Als am 28. November 1671 abends die k. Commission dem seit mehr als anderthalb Jahren im Gefängniß verwahrten T. das harte Urtheil verkündigte, war er ganz vernichtet und versuchte es noch mit einer Bittschrift an den Kaiser, daß seine Todesstrafe in lebenslängliches Gefängniß umgewandelt werden möge. Als er dies für nutzlos erkannte, verfiel er neuerdings in Ohnmachten, Krämpfe und Jammern und ermannte sich erst nach längerem Zuspruche. Er nahm dann Abschied von seinem 14jährigen Sohne aus erster Ehe, traf seine letzten Verfügungen, richtete dann ein Bittgesuch an den Kaiser zu Gunsten seines unschuldigen, verwaisten Sohnes und wurde am 1. December 1671 auf dem Grazer Rathhause, aber erst mit vier Schwertstreichen, vom Leben zum Tode befördert. Sein Name ward aus der steiermärkischen Adelsmatrikel gestrichen, seine steirischen und schlesischen Güter und alle bewegliche Habe fielen dem Fiscus anheim; die [418] Herrschaft Reinstein brachte dann das Kurhaus Brandenburg an sich. Die Wittwe des Hingerichteten, welche wegen der Beschlagnahme von ihrem Heirathsgute gegen den Fiscus die Rechtsklage anstrengte, erhielt 2000 fl. Jahrespension ausgeworfen. Sein Sohn Anton trat 1677 in das Reiner Cistercienserkloster und starb (1718) als Propst von Straßengel.

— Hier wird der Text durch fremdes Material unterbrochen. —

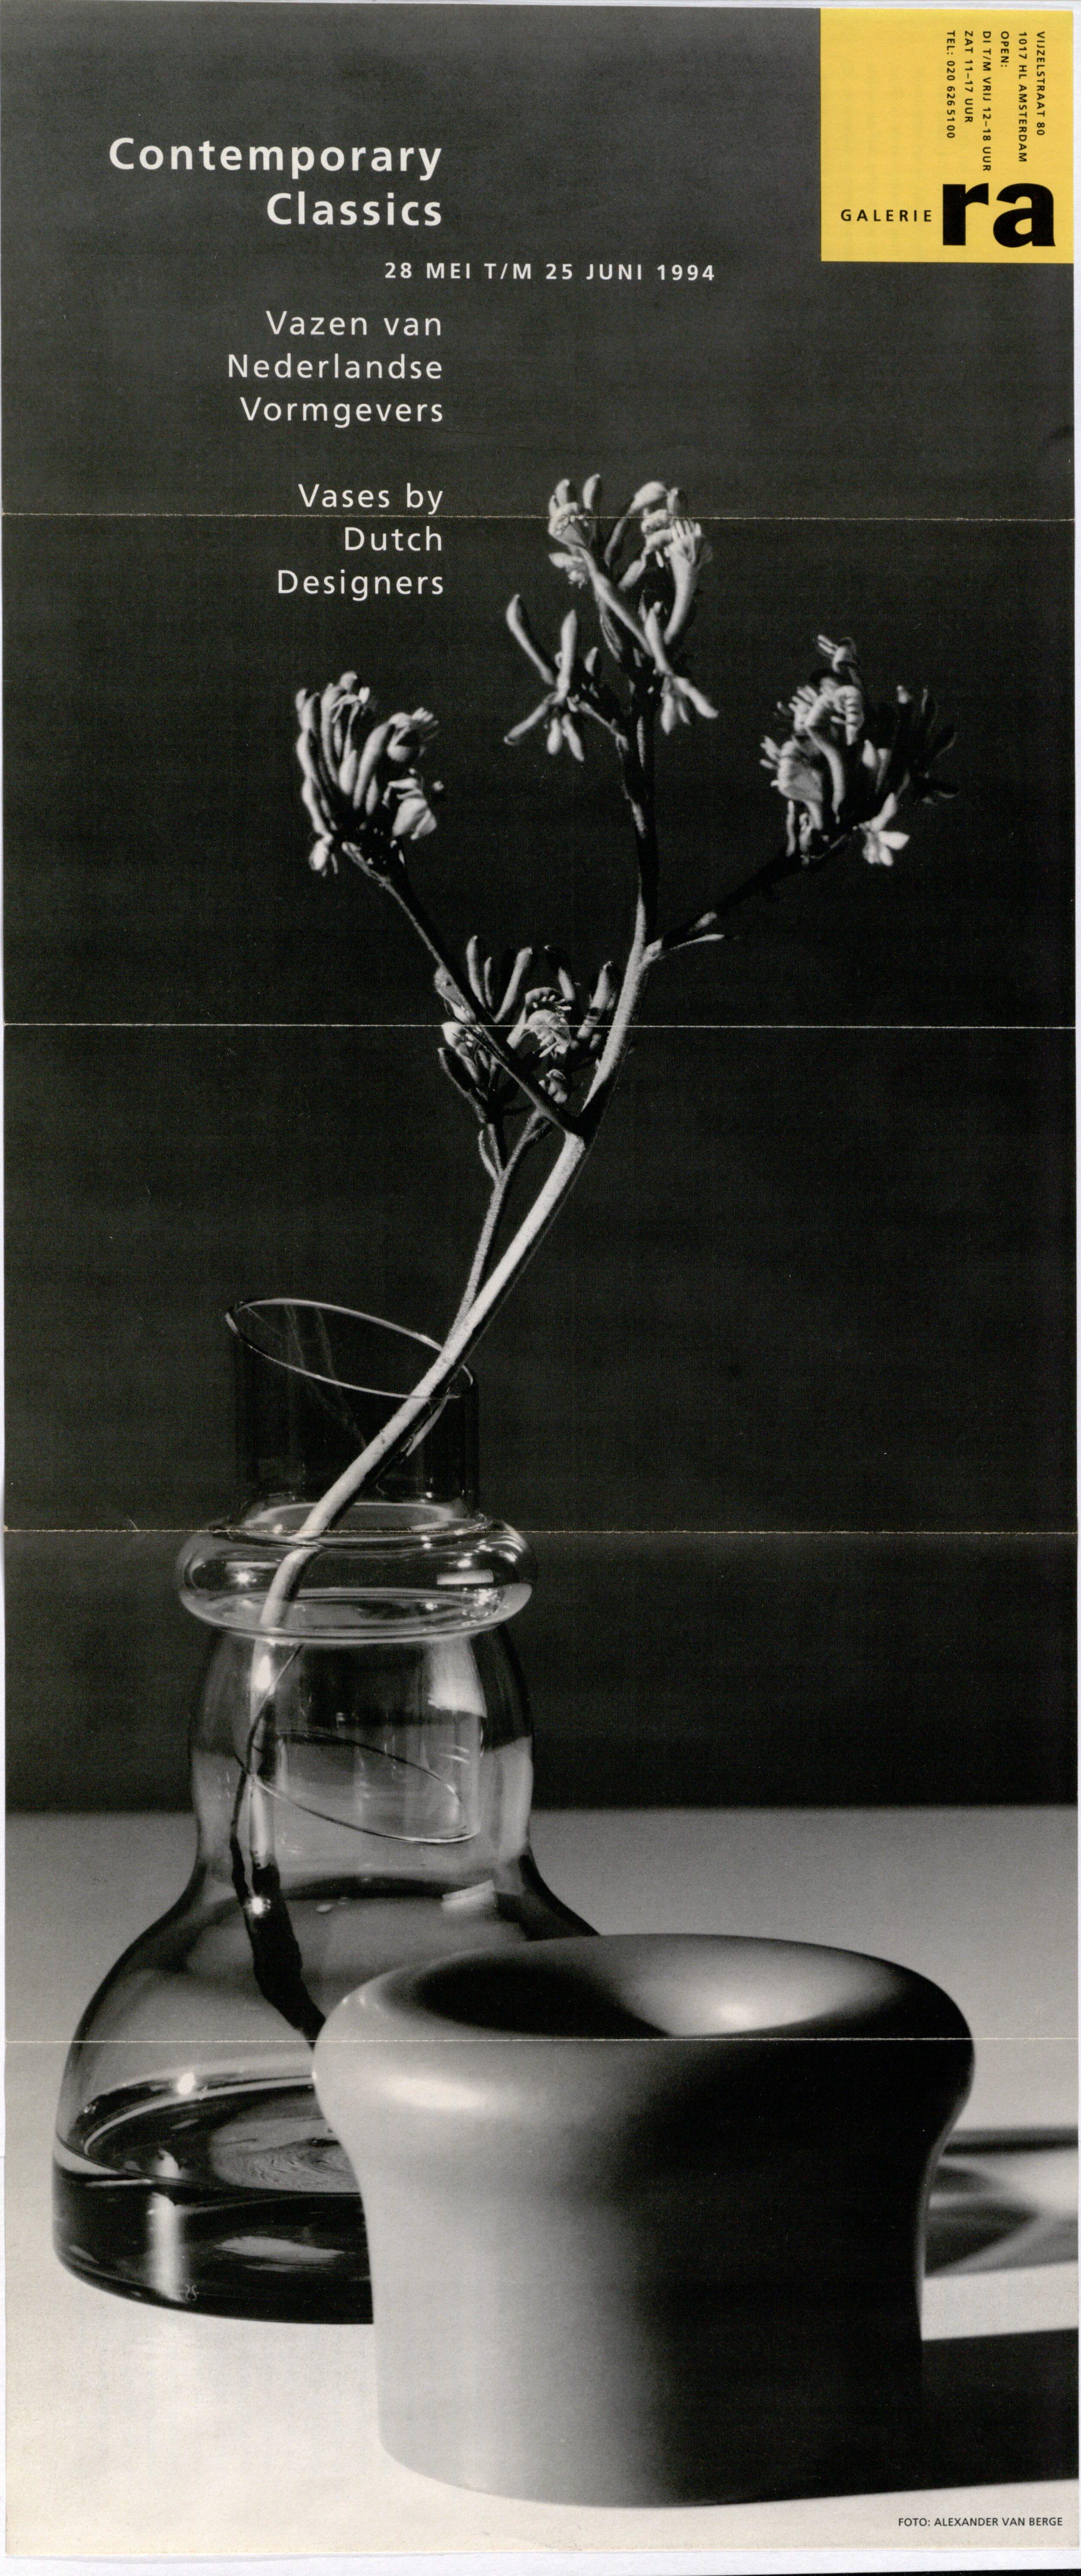 Ra Bulletin 83, mei 1994, voorzijde met foto van Alexander van Berge met vazen van Richard Meitner en Maria van Kesteren, drukwerk, papier. glas, keramiek

Zwei Töchter lebten in Graz unverehelicht und abgeschieden noch geraume Zeit.

Genealogie über die Familie T. bei Kneschke, Neues allgem. Adelslexikon IX (1870), 137–139 und in der neuesten Ausgabe d. steierm. Wappenbuchs von Bartsch, bearb. von J. v. Zahn u. A. v. Anthony-Siegenfeld S. 137–138. Graz 1893. – Beschreibung, wie es mit den Criminalprocessen und Execution wider Joh. Erasm. v. Tattenbach hergegangen (Wien 1672). – Wagner, hist. Leopoldi, magni Caesaris Augusti (1719, I, 225 f.). – (Rinck) Leopold’s des Gr. röm. K. wunderwürdiges Leben und Thaten … I, 566 (1718). – (Frhr. v. Hammer-Purgstall) Die Gallerin auf der Riegersburg, histor. Roman. 1845. II, 266–278 u. Anhang S. 310 ff. (actenmäßiges Material). – Puff, Berichtigung einiger geschichtlicher Irrthümer, die Verschwörung des Grafen Tattenbach in der Steiermark betreffend, Oesterr. Bl. für Litt. u. Kunst, herausg. von Schmidl. 1848. S. 29. und: Beiträge zur Kenntniß des Verschwörungsprocesses des Grafen Tattenbach u. s. w. Marburger Taschenbuch 1859. S. 168–205. – Krones, actenmäßige Beiträge zur Geschichte des Tattenbach’schen Processes v. J. 1670. (Mitth. des hist. Ver. f. Steierm. XII. J. (1863) S. 83–112.) A. Wolf, Fürst Wenzel Lobkowitz (S. 236 bis 330). Wien 1869. – Hauptwerk für den Criminalproceß Tattenbach’s: Rački, Acta coniurationem Bani Petri a Zrinio et com. Fr. Frangepani illustr. (Agram 1873, eine Reihe einschl. Corresp. und Acten). – Die magyarisch geschriebene Monographie von Pauler über die Magnatenverschwörung. Budapest 1876.